Sarah Cain, “It’s Your Day!” (2013), acrylic, string, balloon, and crystal on canvas, 104 x 72 inches (264.2 x 182.9 cm)

Walking into Sarah Cain’s current show, Burning Bush, at Galerie Lelong is to be restored. Walking into the gallery is like walking into an eleven-year old girl’s birthday party with Tavi Gevinson, a pink donkey piñata, confetti, Mylar balloons, My Little Ponies, a floor of beads and jewels, and a giant, sheet cake with pink, mint green and purple frosting frosted on it. While listening to Courtney Love’s song “Doll Parts,” “I want to be the girl with the most cake.”

The title of Cain’s show, Burning Bush, seems, at first, to signify that the show, itself, is a “burning bush,” meaning: a sign from above. I’d say the show is a sign; that the title of the show means to say that the show, and Cain’s work, have something important to say about the current state of girlhood and being female in our culture. But that isn’t all. In the Bible, the burning bush is a plant that, though engulfed in flames, does not burn up. In Exodus, where the reference is taken from, God tells Moses, when Moses shows God the burning bush, “ Where you are standing is holy ground.” This, too, seems apt. Cain’s work is a tribute to being a girl, to being female. Her works are reliquaries of a sort. They pay homage to the ephemera of girlhood, the pretty plastic bits and shards we leave behind when we leave that world behind.

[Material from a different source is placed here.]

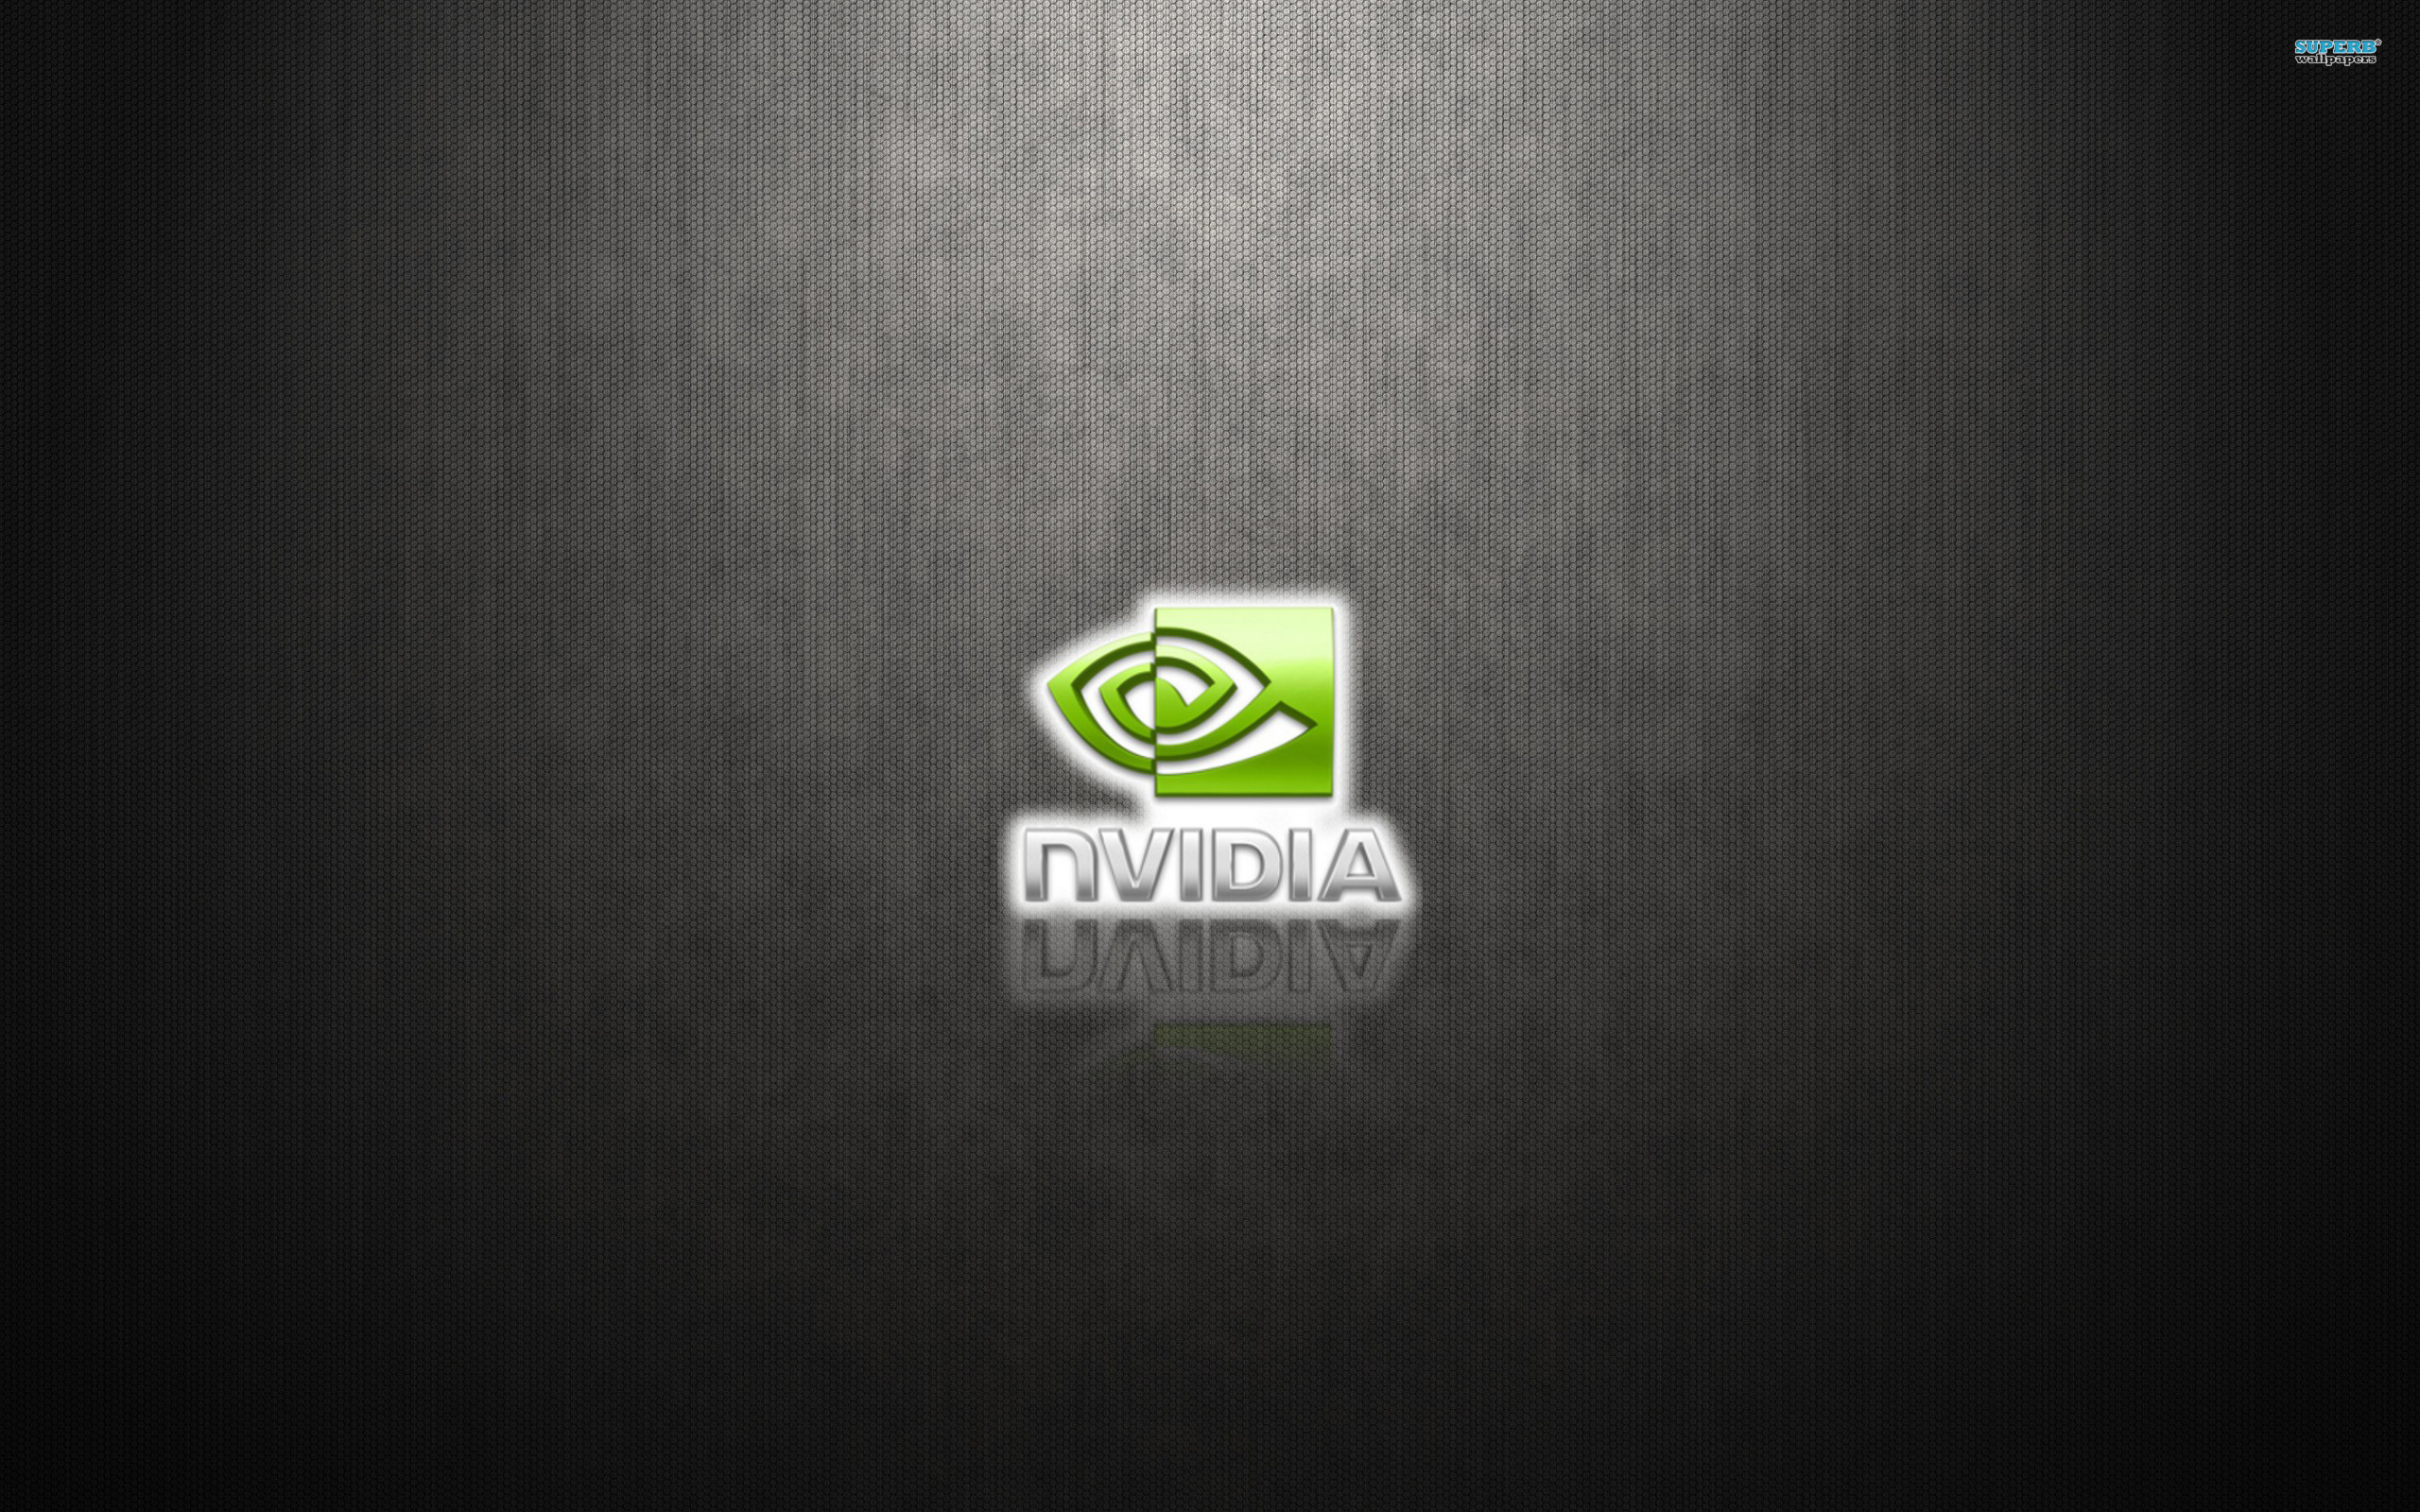 Nvidia : Desktop and mobile wallpaper : Wallippo

An installation view of Sarah Cain's "Burning Bush" exhibition at Galerie Lelong

An installation view of Sarah Cain’s “Burning Bush” exhibition at Galerie Lelong

Cain’s work is risky. She does things with paintings she ought not: shredding canvas into pretty frosting like ribbons, hanging crystals and jewels, Mylar balloons and confetti onto the canvas, using tiny colored beads to decorate the work. To decorate is risky. And yet there is a secret power in Cain’s work. She’s the lead girl of the girl gang. She’s the one who wears the frilliest slips and dresses, braids the other girl’s hair, tying ribbons into it. And when the tremors of exploit and violence arrive, Cain would be the one to step forward. Her paintings say just this. She is not afraid to be “girly,” to, in fact, reclaim the ruins of girlhood: the ephemera of girlhood: hula hoops, jewels, tiny beads, confetti, Mylar balloons, ribbons, and cake. She returns these objects to us in her work, restoring the magic back where it belongs.

Sarah Cain, "Kiss" (2013), acrylic, beads, and string on canvas, 126 x 72 inches (320 x 182.9 cm)

Sarah Cain, “Kiss” (2013), acrylic, beads, and string on canvas, 126 x 72 inches (320 x 182.9 cm)

In interviews, Cain has expressed her admiration for the California poet Jack Spicer and, in particular, his idea of the artist being an instrument for a higher power. “The poet is a radio,” he says. This sense of the spiritual or the occult threads throughout much of Cain’s work. “Glory” is a large matte salmon-pink painting with a series of eye-like slits, each slit lined in tiny colored beads. The eyes, of course, look like the occult symbols for The Eye of Providence, the symbol for the all-seeing eye of God. In the center of the canvas is a child’s hula-hoop, which serves as a kind of separate window. Within the hula hoop is a mess of paint splatters, splashes, streaks, and strips in pale pink, crimson, baby blue, and blood red. The painting can be seen as a kind of window into the psyche. Within the window is chaos, a yet-untouched feralness. The toy holds the window in place. It protects the gentleness, the vulnerability. But also, the “window” looks like a mandala. The chaos is the universe, is the world. Surrounded by a canvas of seeing eyes. The hula hoop is protected, the feralness of girlhood is protected.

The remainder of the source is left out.